This morning I received an email with some judges’ comments from a competition (an APA, it did okay). One of the comments was “diacetyl”, which I don’t find at all when I taste it. Nor did I detect diacetyl when I took the BJCP exam where they doctored the one of the test beers with it. Is there a widely available commercial beer that just screams DIACETYL that will let me know once and for all if I’m “diacetyl blind”?
an APA may have some caramel in it which many will mistake for diacetyl.
Sometimes I have trouble tasting diacetyl, but I can nearly always detect it as a slickness on the roof of my mouth.
Yeah, only one of the two judges’ ticked the diacetyl box on the scoresheet. The grain bill was roughly 82% pale malt, 12% honey malt, and 6% Victory malt. There’s a definite honey-like (shocking!) malty sweetness to it, but nothing I would describe as “caramelly” and I didn’t notice any type of slickness associated with diacetyl. Luckily, I have one bottle of it left so I can look for it one last time.
You could pick up some Samuel Smith’s Pale Ale. Most people can recognize diacetyl in that beer. Shipyard beers usually have it. Or buy some artificial butter in the popcorn section of the grocery and sniff that for a real hit.
At the homebrew club meeting last night I had my first noticeably diactyl’d beer. It tasted just like artificial popcorn butter. It was super weird. I’m not sure I’d be able to pick out a low-level of diacetyl, though.
I think about 10% of folks can’t smell or taste it.
You can put a sample of the beer in the microwave for 20 seconds and see if that brings out the diacetyl. I have a medium to medium high threshold.
I have had diacetyl beer at club meetings, which makes me believe that the brewer must have had a higher diacetyl threshold than me.
There is one guy in the club who says he is blind to diacetyl - well he does say he can pick it up in theater popcorn.
There is another guy in the club that is hypersensitive to diacetyl, but says he is blind to DMS. Rolling Rock tastes like any other adjunct lager to him.
We are all diffentent. That is why there has to be more than 1 judge on a panel.
You know, I was wondering if there was a commercial beer that was a good example of DMS to calibrate my palate. I haven’t had the Rock in ages. I’ll have to check it out.

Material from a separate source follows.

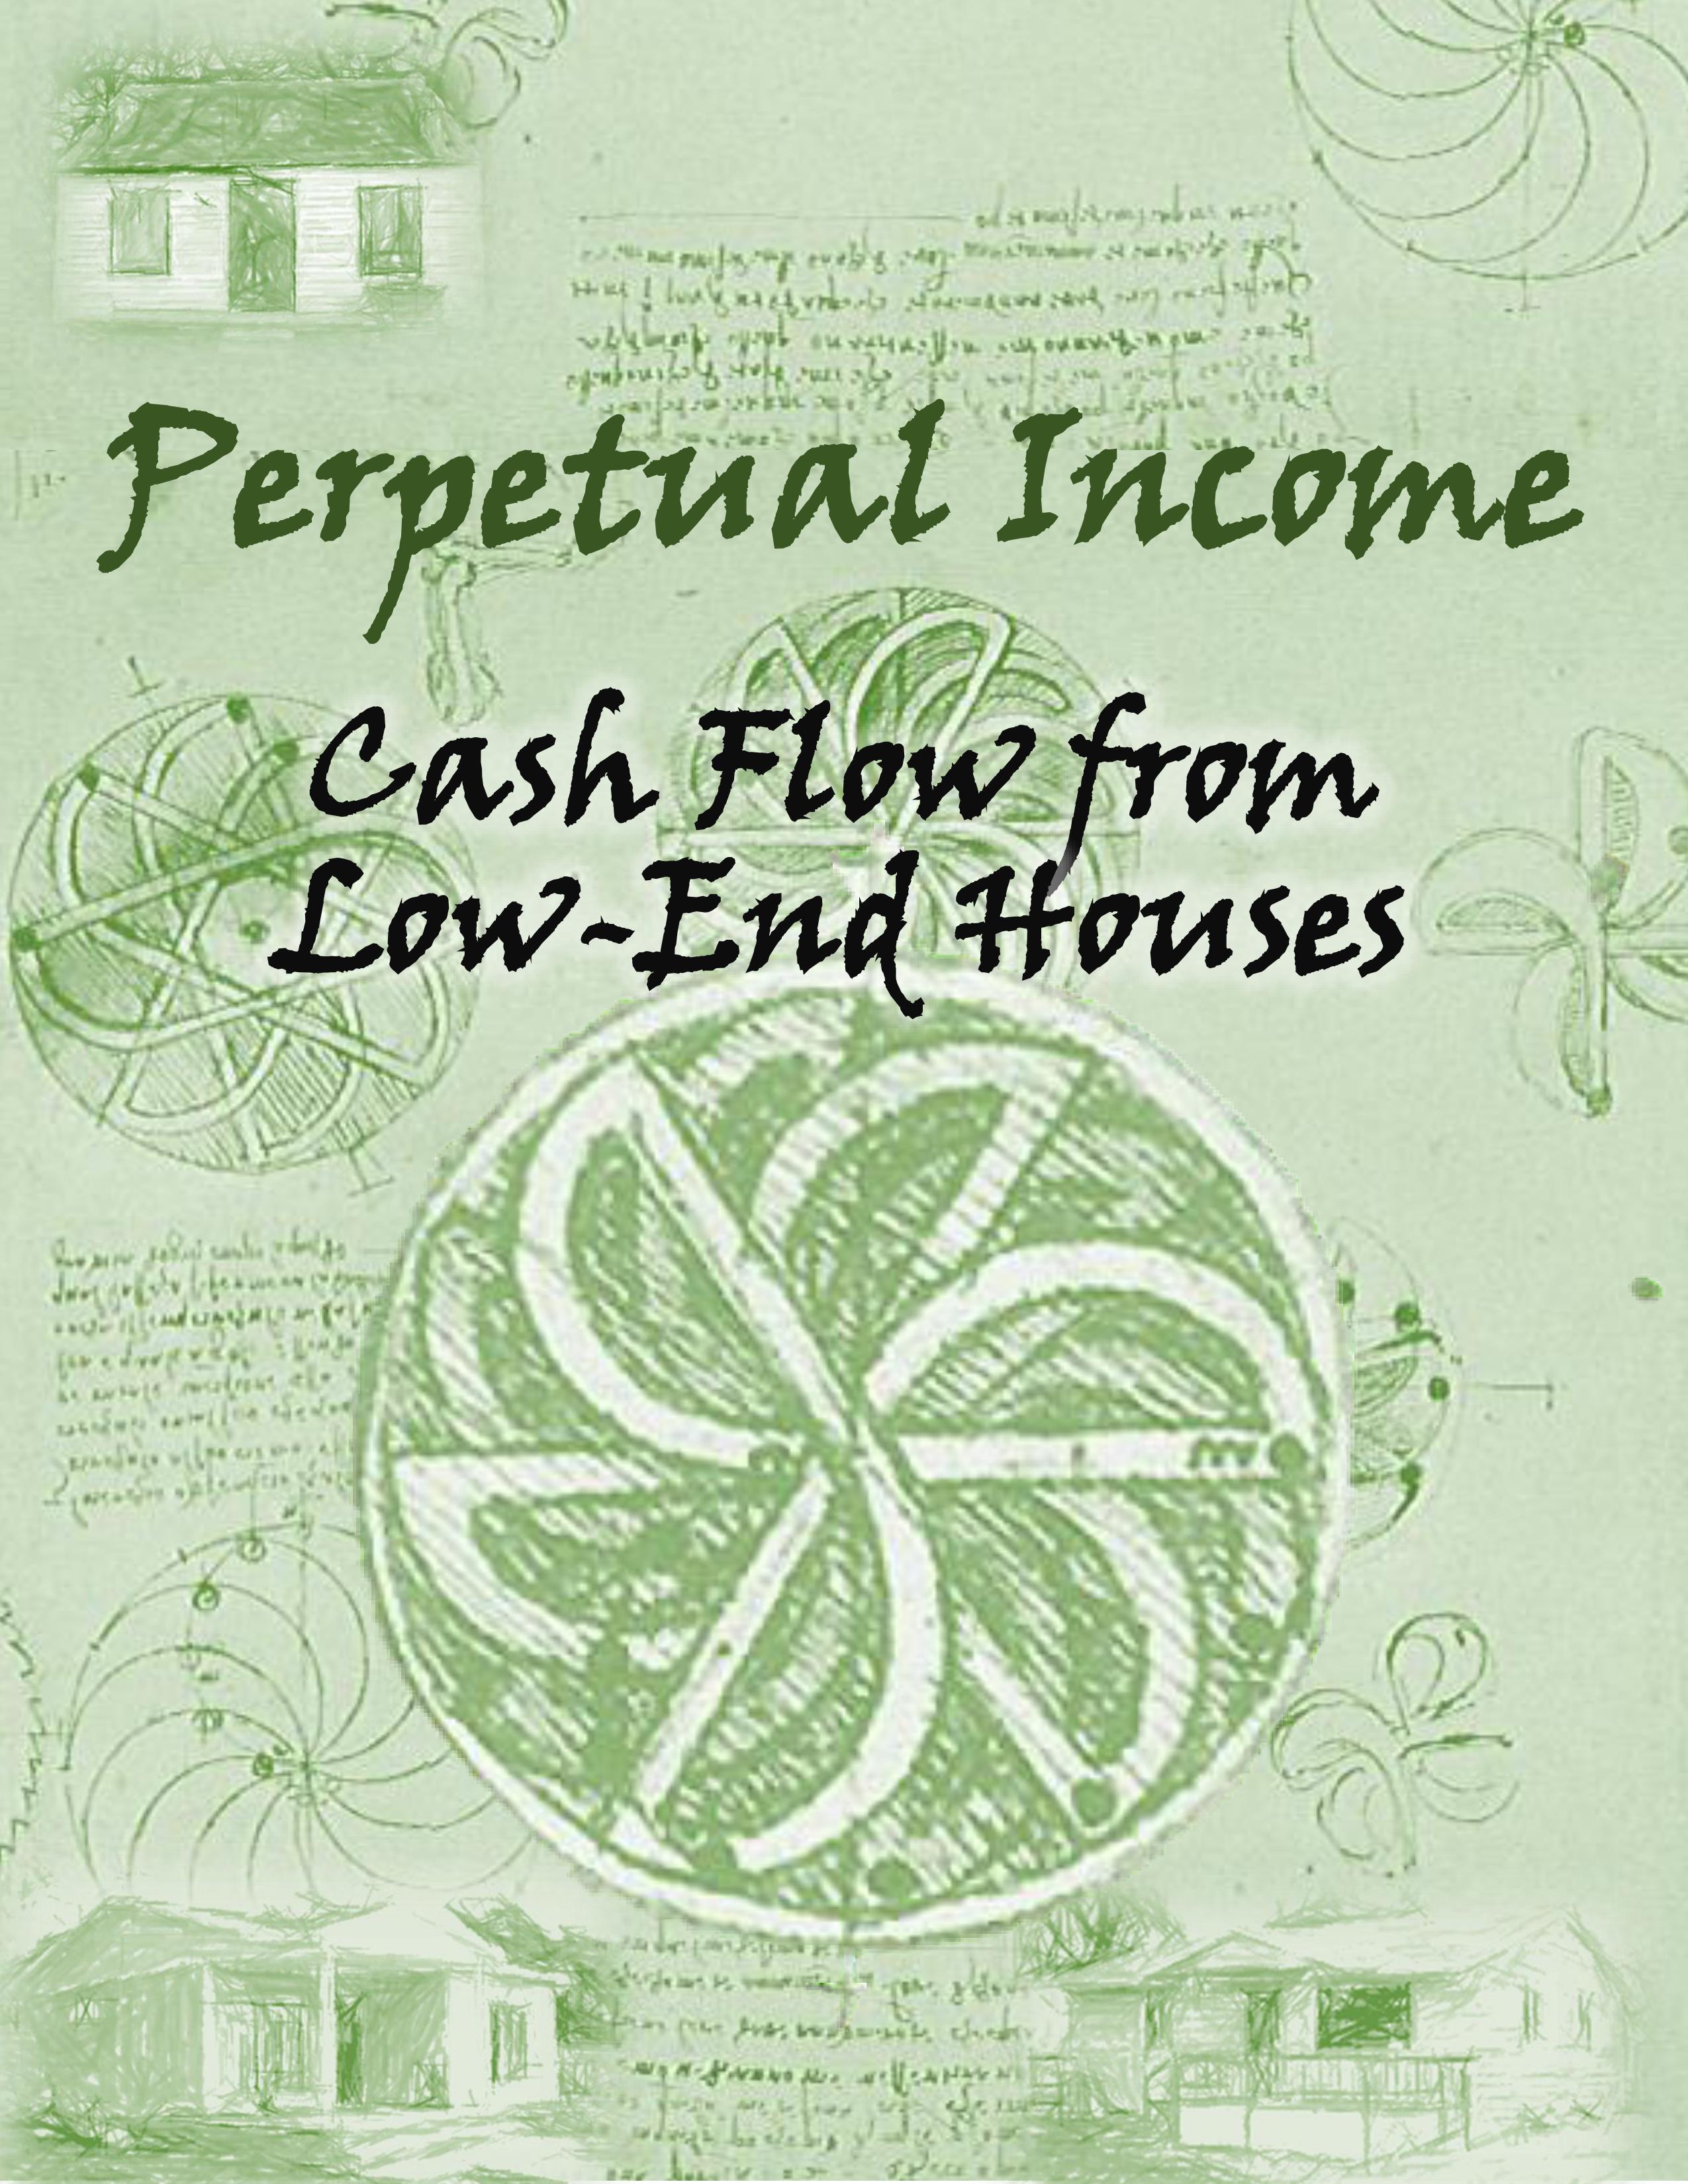 Perpetual income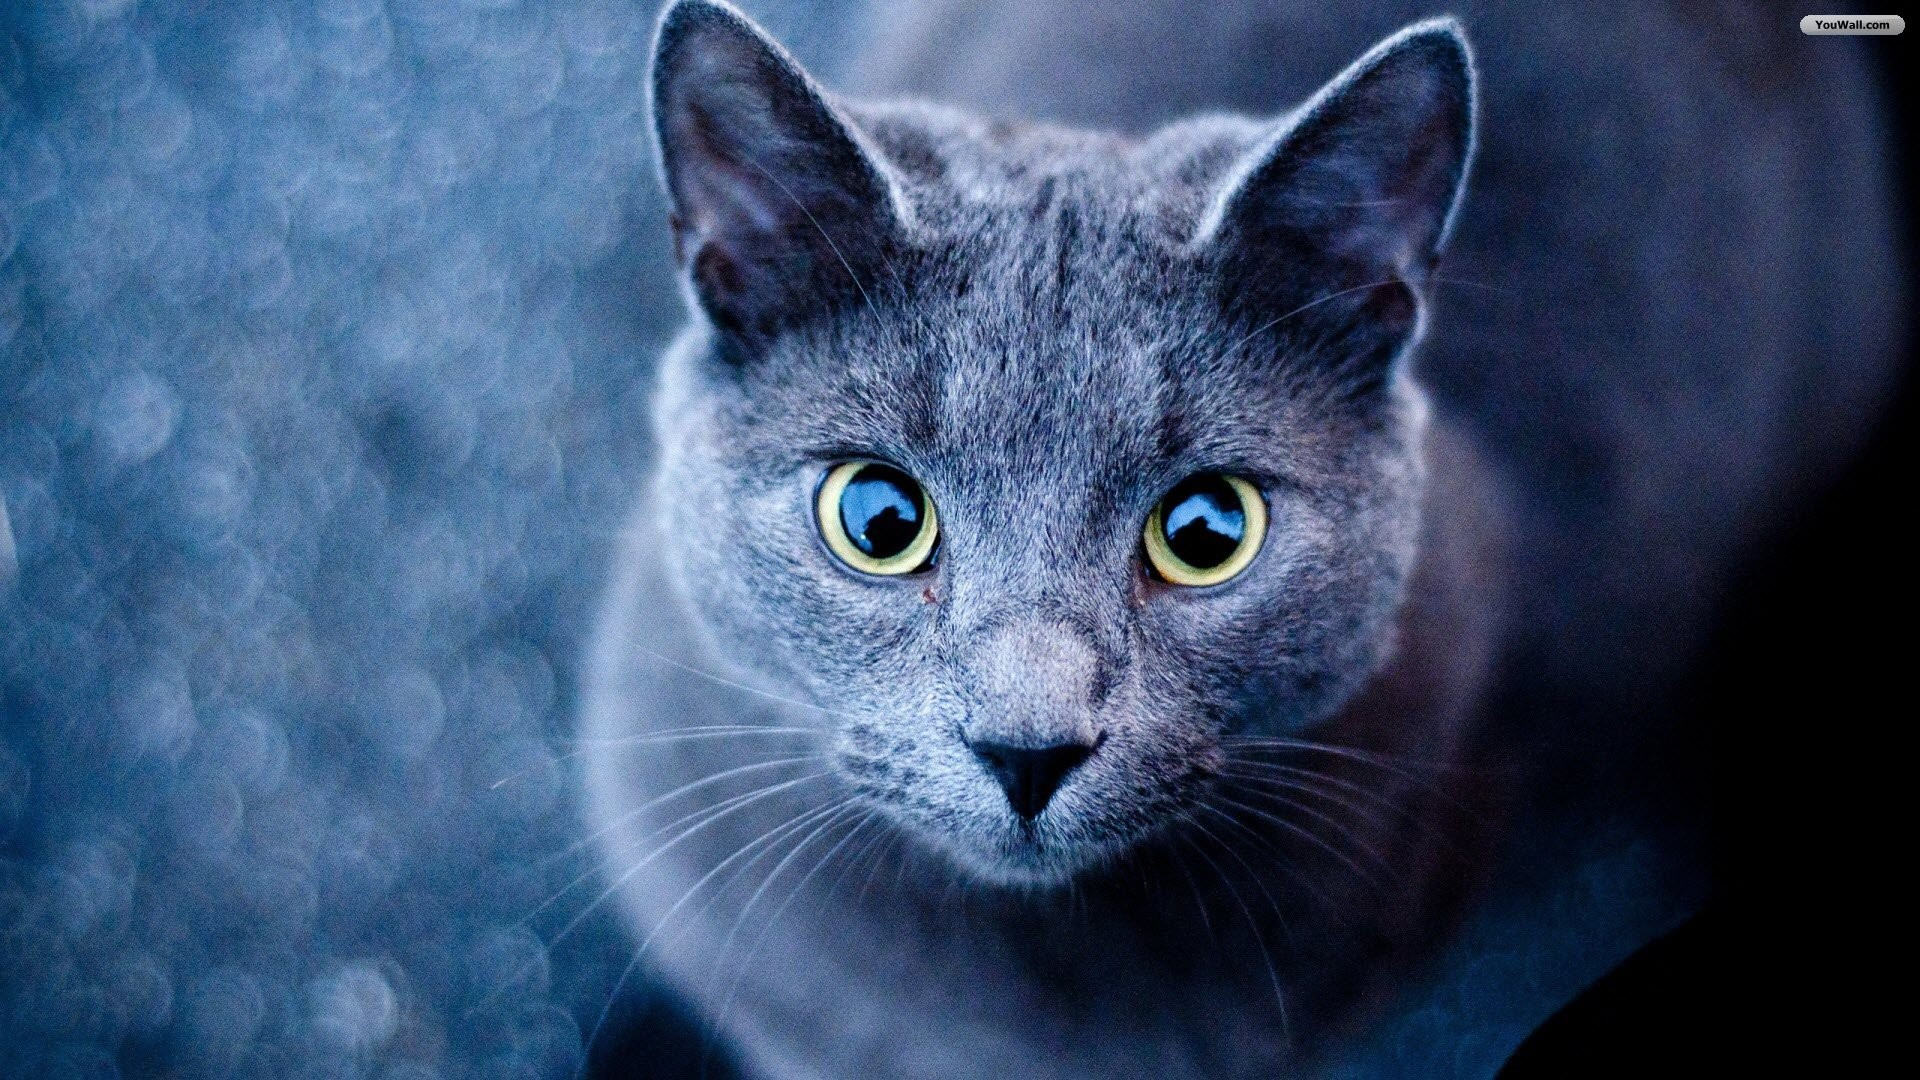 Warrior cats backgrounds wallpapertag - Cute kittens hd wallpaper free download ...

In BJCP class we had some. It was creamed corn to me. Considered part of the Brands flavor, though a defect by most anyone else.
I percieve DMS as a baked bean-y aroma in my beers. I brew belgians, use primarily pils and boil for 90min. I immersion chill it down to 140-ish before i cover the pot. This time I whirlpooled hops for 15 min before cooling and no Van Camps in finished beer…hmmm
I did a doctored beer segment for our beer club and used artificial butter flavoring, which can be found in most grocery stores in the spices section. I used a Bud Light as the base beer, because it is pretty much free of any taste so lends itself to being doctored. Just a few drops in a BL and you will get the flavor.
Shipyard beers usually have it.
Sea dog and Shipyard beers, and most anything they contract brew, like the Gritty McDuff beers, are usually loaded with diacetyl.
Unfortunately, I’m very sensitive to it and it tastes foul to me. It is a useful trait to have as a brewer, though.
I am very sensitive to diacetyl. Used to be that Redhook ESB was loaded with it, but I don’t know if that is the case any longer. I brewed a kolsch a couple months ago that is slightly tainted with diacetyl (it was one that I had trouble raising over 58 degrees due to my weird method of fermenting it in my cold room). I can’t drink it. My wife says it is delicious.
anything from Middle Ages screams diacetyl.
anything from Middle Ages screams diacetyl.